Exercise prompt: Restate the listing below word for word, and leave its pictures behind.

Information supplied:
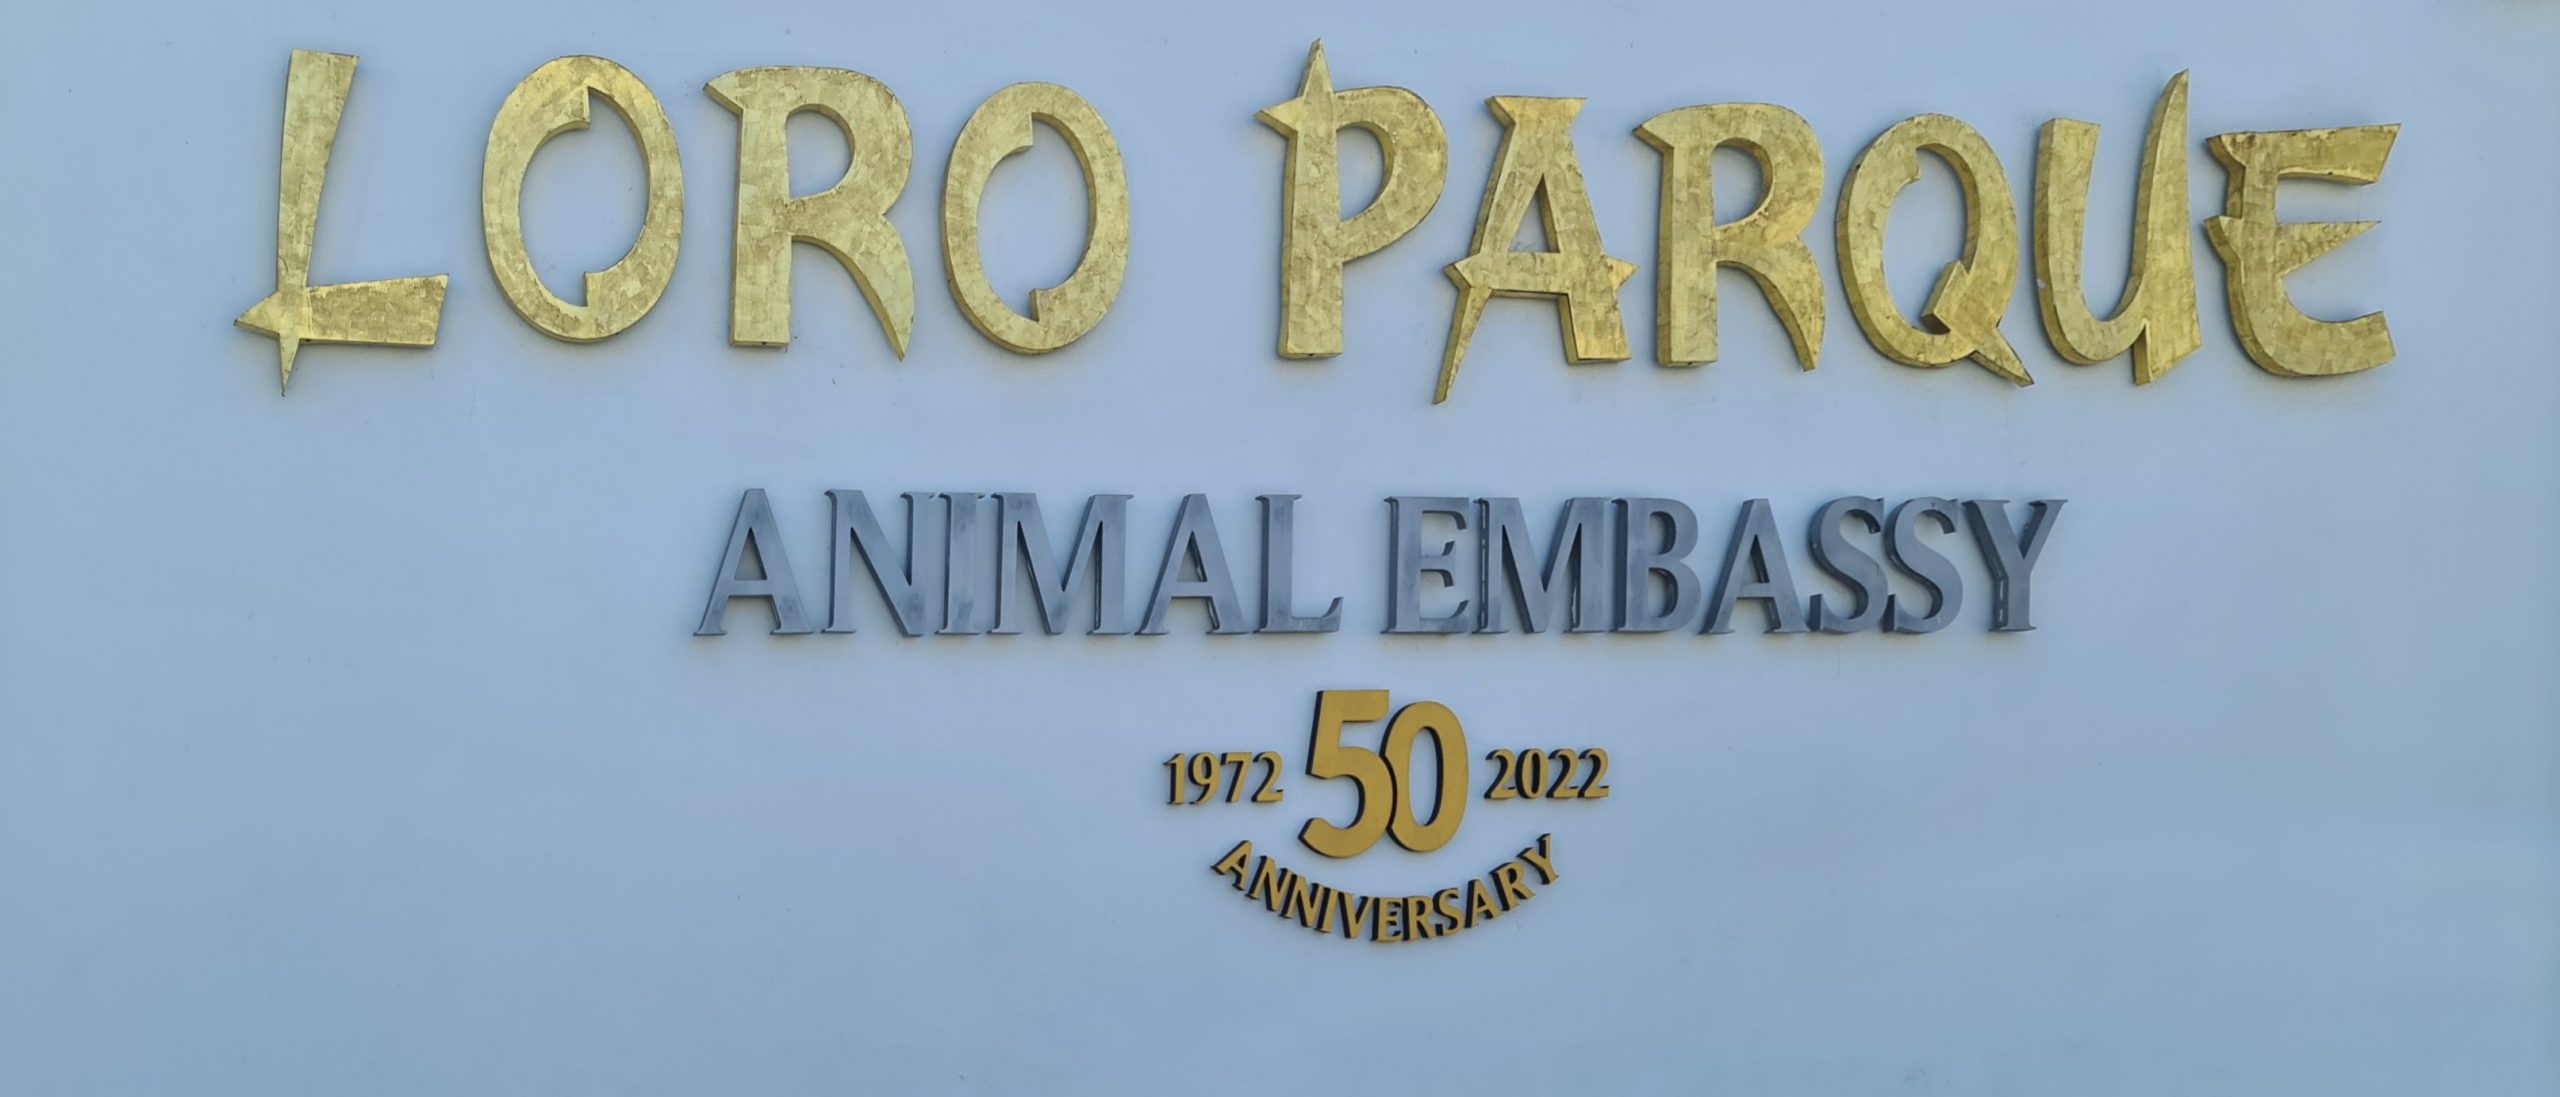 Loro Parque, Animal Embassy, 1972 - 2022, 50 Anniversary
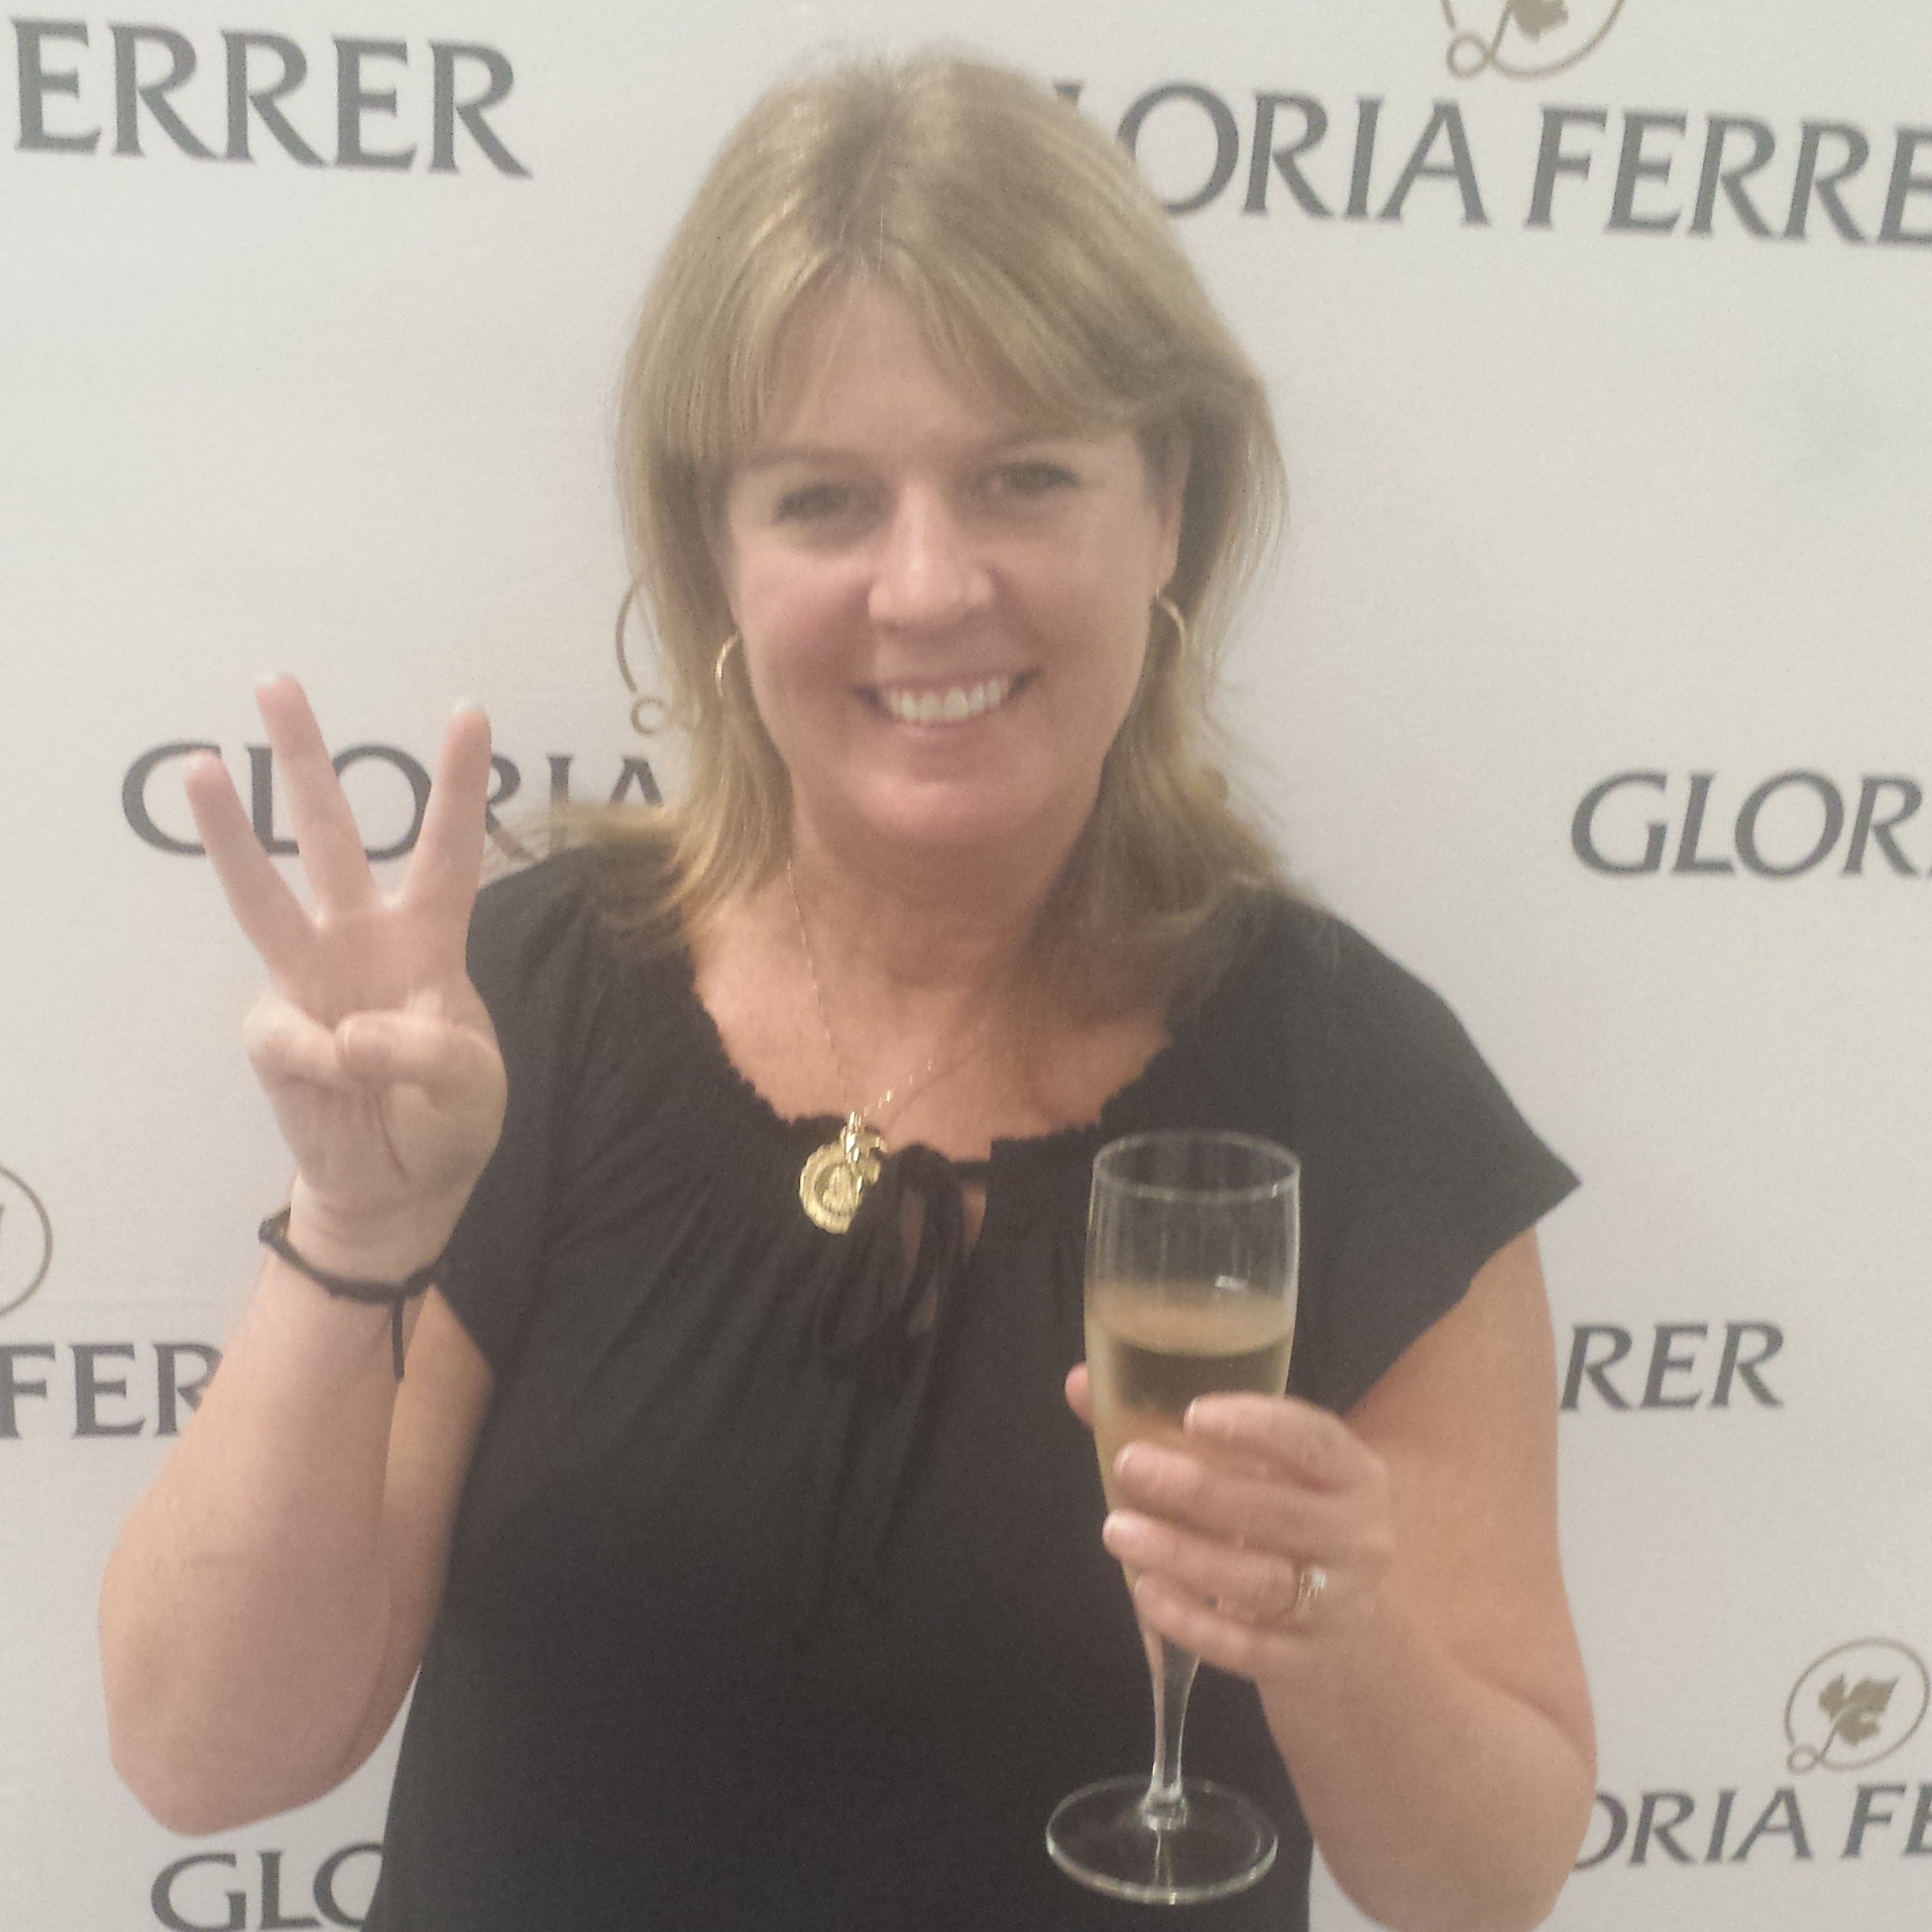 gloria-ferrer-3rd-place
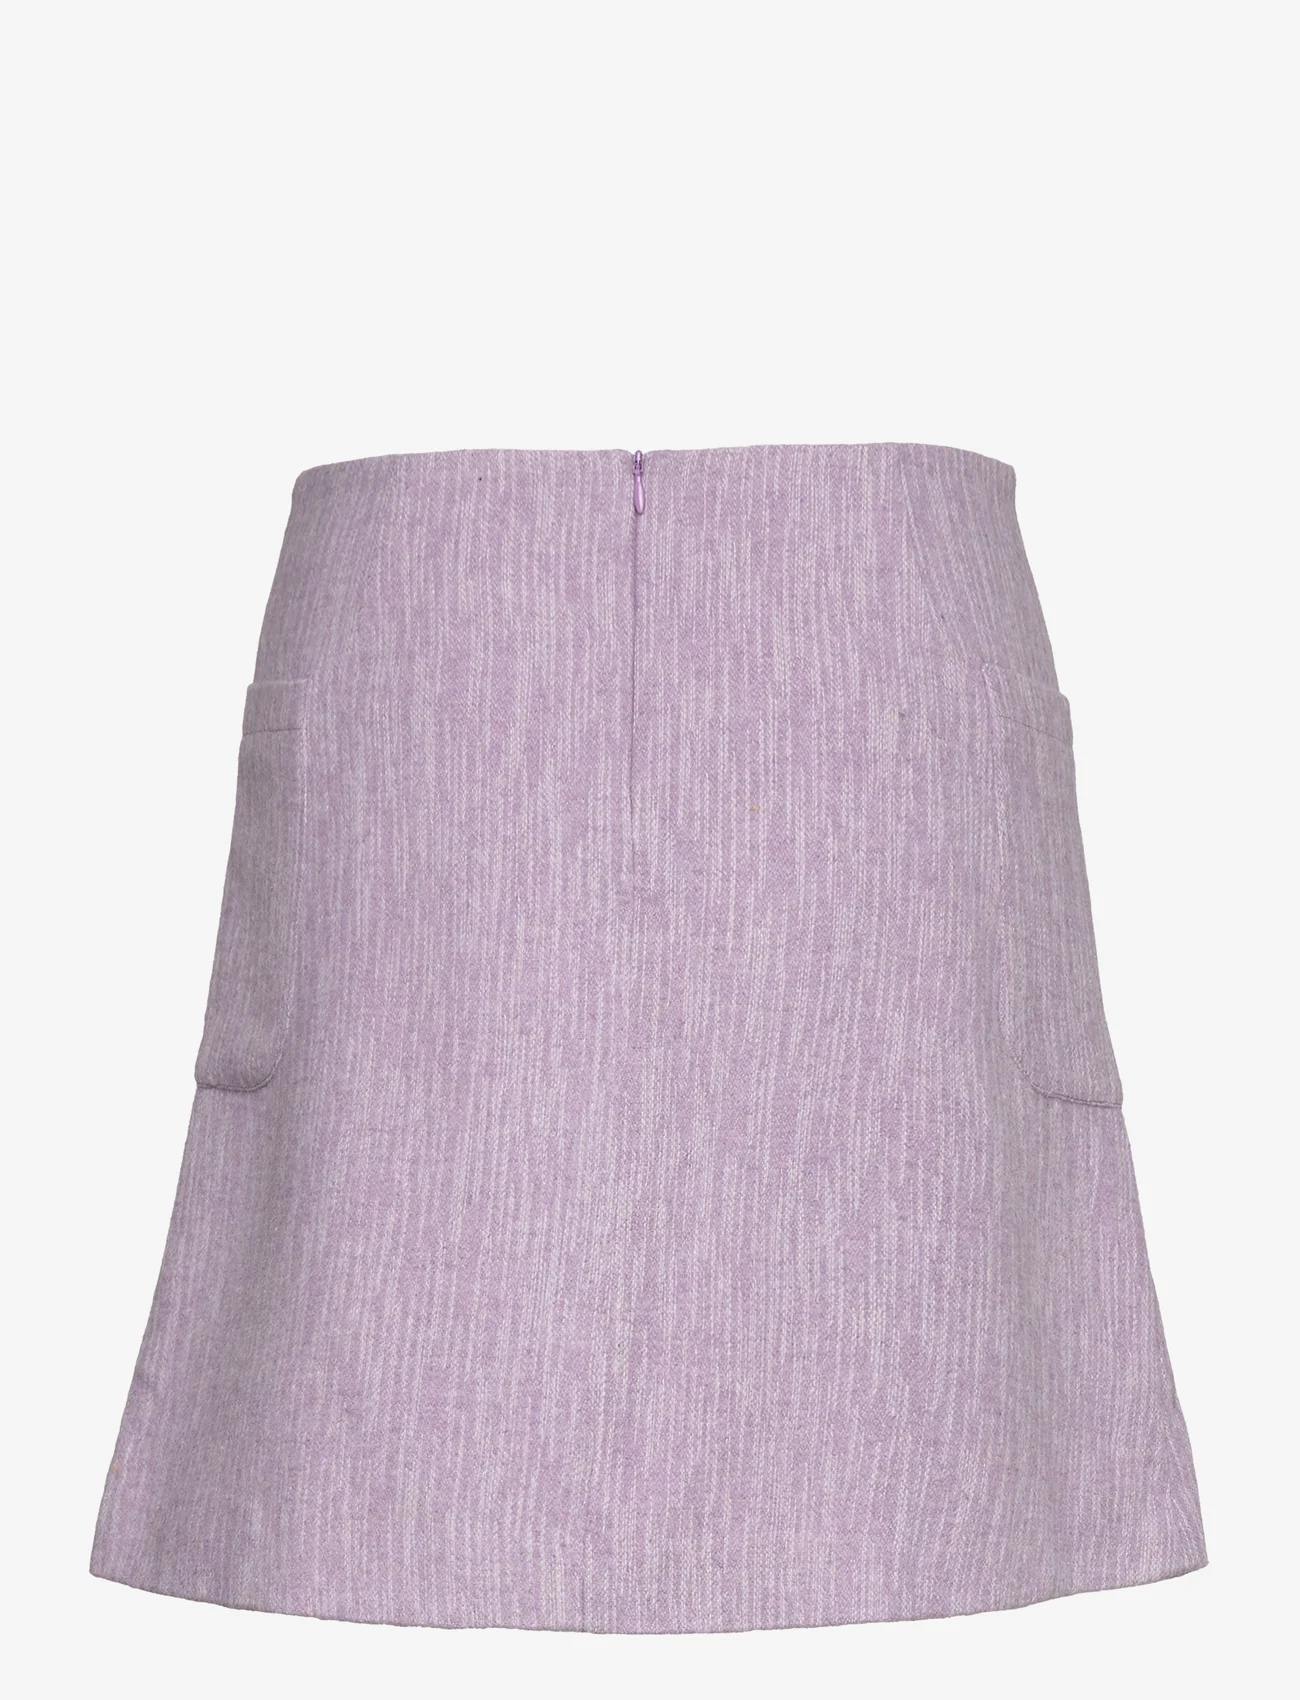 MAUD - Bonnie Skirt - kurze röcke - lavender - 1

Response for this exercise:
 Loro Parque, Animal Embassy, 1972 - 2022, 50 Anniversary
 gloria-ferrer-3rd-place
 MAUD - Bonnie Skirt - kurze röcke - lavender - 1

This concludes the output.